Member of the Pennsylvania House of Representatives from the 147th district
- In office January 2, 1979 – November 30, 1982
- Preceded by: G. Sieber Pancoast
- Succeeded by: Raymond Bunt

Personal details
- Born: July 19, 1931 Philadelphia, Pennsylvania, U.S.
- Died: December 7, 2020 (aged 89) Lansdale, Pennsylvania
- Party: Republican
- Spouse: Andrew L. Lewis Jr.
- Children: Karen, Andrew, and Russell Lewis

= Marilyn Lewis =

American politician (1931–2020)

Marilyn Stoughton Lewis (July 19, 1931 – December 7, 2020) was an American politician who served as a Republican member of the Pennsylvania House of Representatives from 1979 to 1982.

==Formative years==
Born in Philadelphia, Pennsylvania on July 19, 1931, Lewis was a daughter of Russell S. and Bernice Bernard Stoughton. After graduating from Norristown High School in Norristown, Pennsylvania, she pursued higher education studies at Harcum College and the University of Miami.

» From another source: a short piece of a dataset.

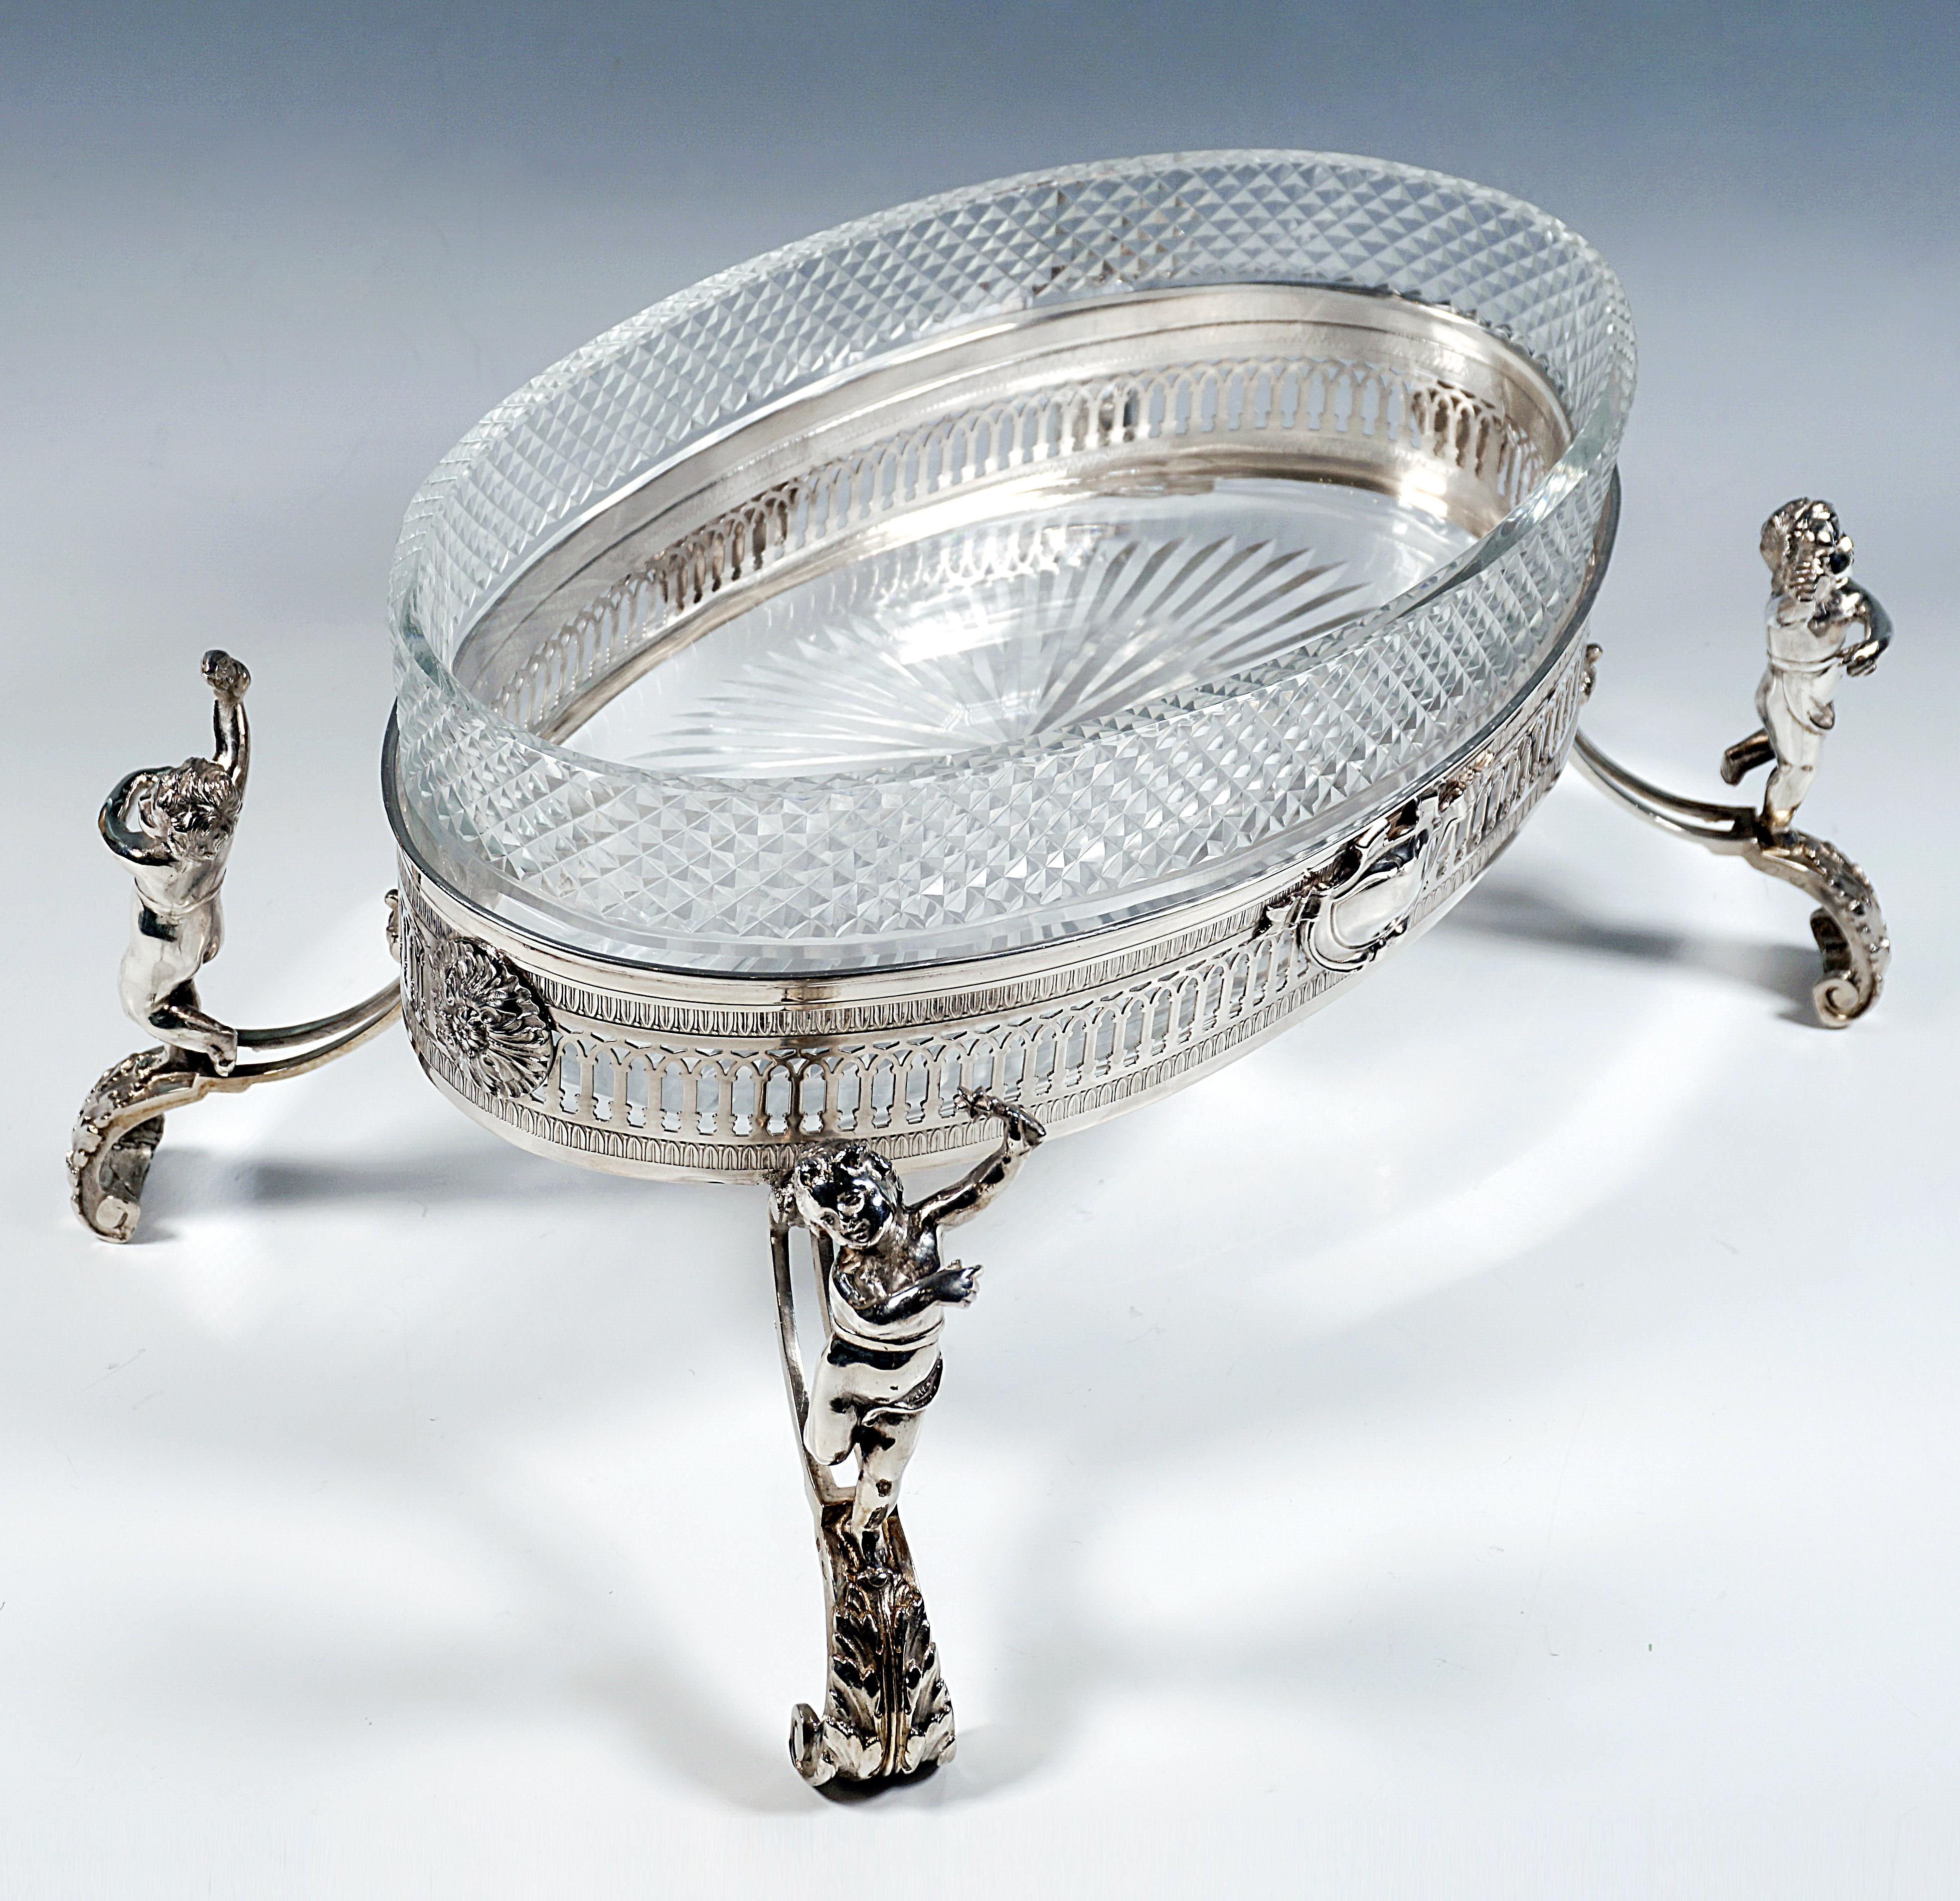 Hand-Crafted Silver Art Nouveau Centerpiece With High Legs & Plastic Putti, France Circa 1910 For Sale

She met her future husband, Andrew L. Lewis Jr., while they were still in high school. Both eighteen when they eloped, they were married in 1950. Her husband later became a businessman and the 1974 Republican gubernatorial nominee in Pennsylvania before being appointed as the United States Secretary of Transportation from 1981 to 1983 in the administration of U.S. President Ronald W. Reagan.

She also became a licensed pilot.

==Political and legislative career==
A Republican who was active in local and state politics, Lewis helped her husband to campaign for the Pennsylvania governor's office in 1974. Although the campaign was unsuccessful, it helped to increase the visibility of both Lewis and her husband. She was subsequently appointed as an alternate delegate to the 1976 Republican National Convention, and then volunteered with Ronald Reagan's 1980 presidential campaign.

Elected to the Pennsylvania House of Representatives, she represented the state's 147th legislative district from 1979 to 1982.

In 1982, Lewis served as a representative to the United Nations Commission on the State of Women. The next year, she was appointed to the Presidential Commission on White House Fellows.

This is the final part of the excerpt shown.